Hard choices always must be made. Human beings have developed
moral codes precisely because they need guidance in making
such choices. When governments go to war, they want their
subjects to set aside everything they have believed about
morality and to substitute a slavish acceptance of whatever
the government pronounces necessary in order to "win
the war." I have been appalled to see how many libertarians,
of all people, have fallen for this government manipulation
during the past year and a half. Better than others, libertarians
ought to appreciate that war has been the health of the state,
including the US state, and that all such wars constitute,
directly and indirectly in countless ways, further steps toward
our own continuing enslavement.
Finally,
I would merely point out again that my little essay sought
also to vivify the contrast between the sufferings of the
innocents in Iraq and the blessings now being enjoyed by Bush
and company, who engineered these horrors. If the situation
truly had been a tragic one in which great wrongs had
to be done in order to prevent even greater wrongs, then the
only humane sentiment to carry away from the event is one
of profound sadness, because, after all, no matter what the
seeming justification, one has committed great wrongs.

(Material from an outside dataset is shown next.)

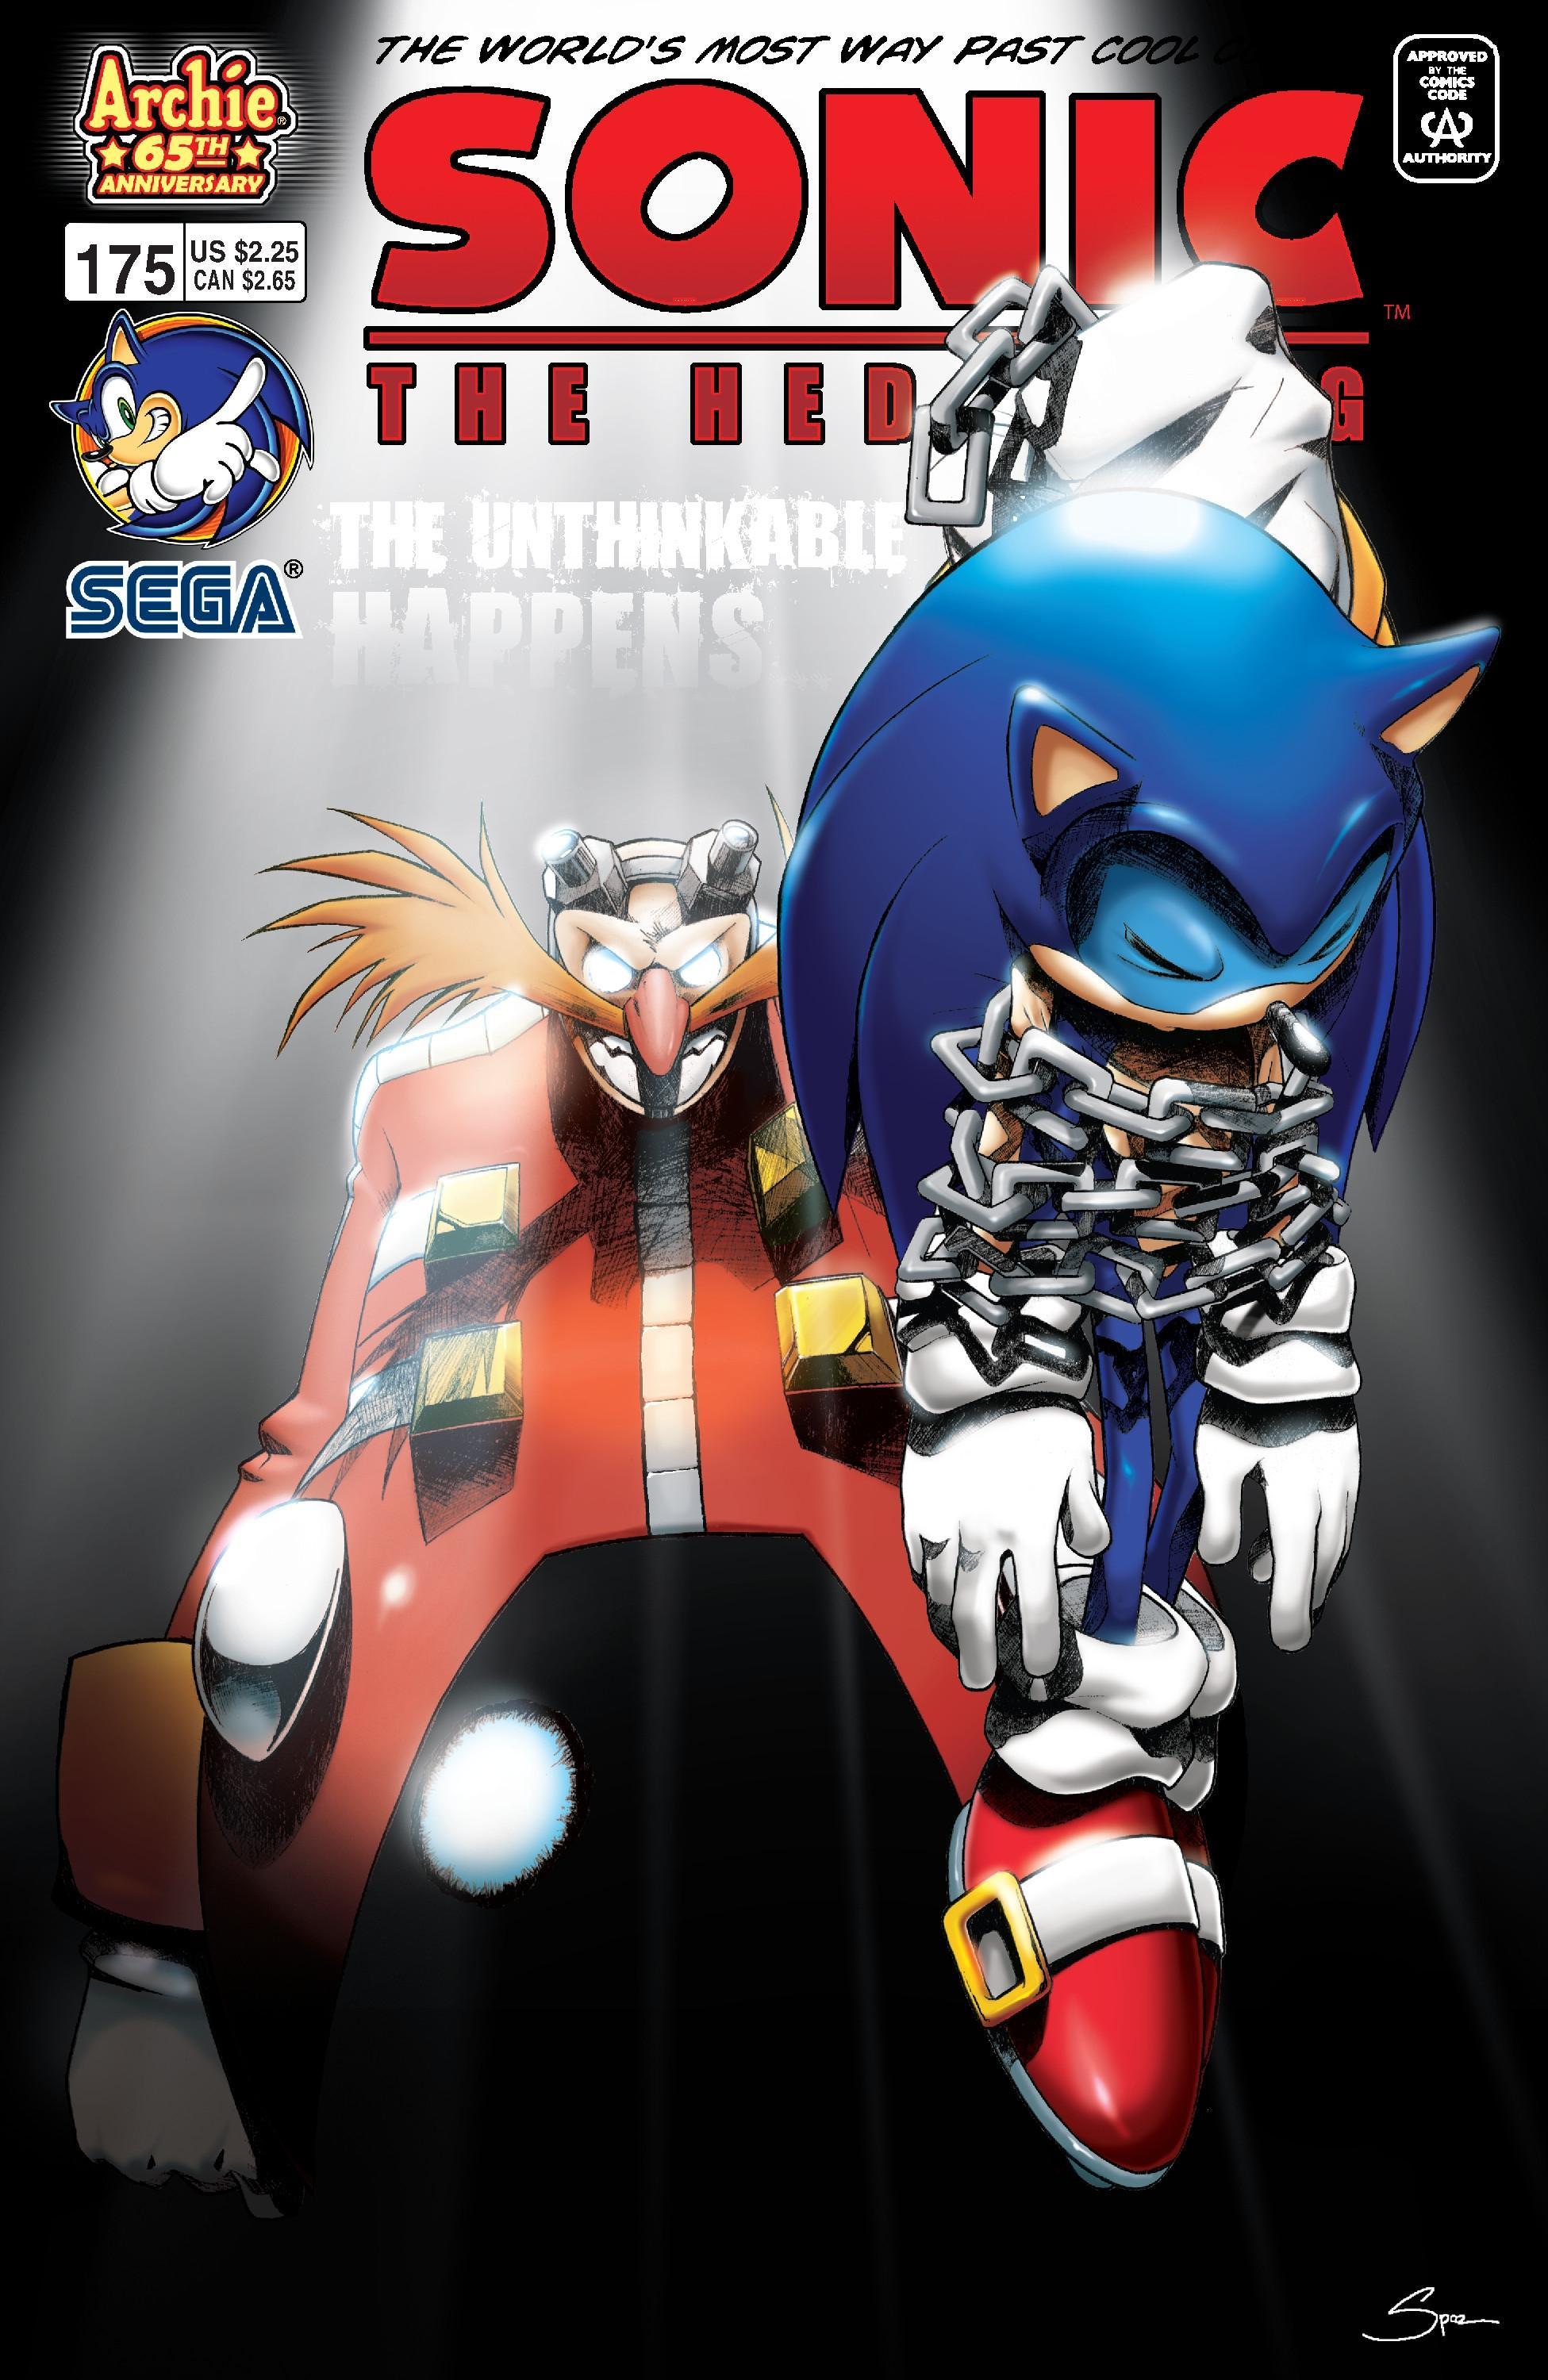 Hipster Hotline: Sonic the Hedgehog (comics reboot)

Bush, Rumsfeld, Cheney, and the rest of the gang, however,
are not overcome with sorrow. They are now out yucking it
up with the fat cats on the campaign trail. One needs to face
these concrete realities; war is not about abstractions. Now
that its first phase has ended, some human beings are mourning,
but others are doing just dandy. People ought to think about
that situation, and about the fact that the doing-dandy crowd
consists precisely of the people whose actions brought about
the deaths and injuries for which others are mourning.
This
morning's paper (5/1/03) quotes a statement made to reporters
by Lt. Gen. Jay Garner, the US viceroy of Iraq, as follows: "You
all are reporting a lot about some demonstrations, and yeah, there's
some demonstrations. . . . [But] Damn, fellas, we ought to be
beating our chests every morning. We ought to look in the mirror
and get proud and suck in our bellies and stick out our chests
and say, 'Damn, we're Americans,' and smile." In the circumstances,
if this is not obscene, then obscenity does not exist.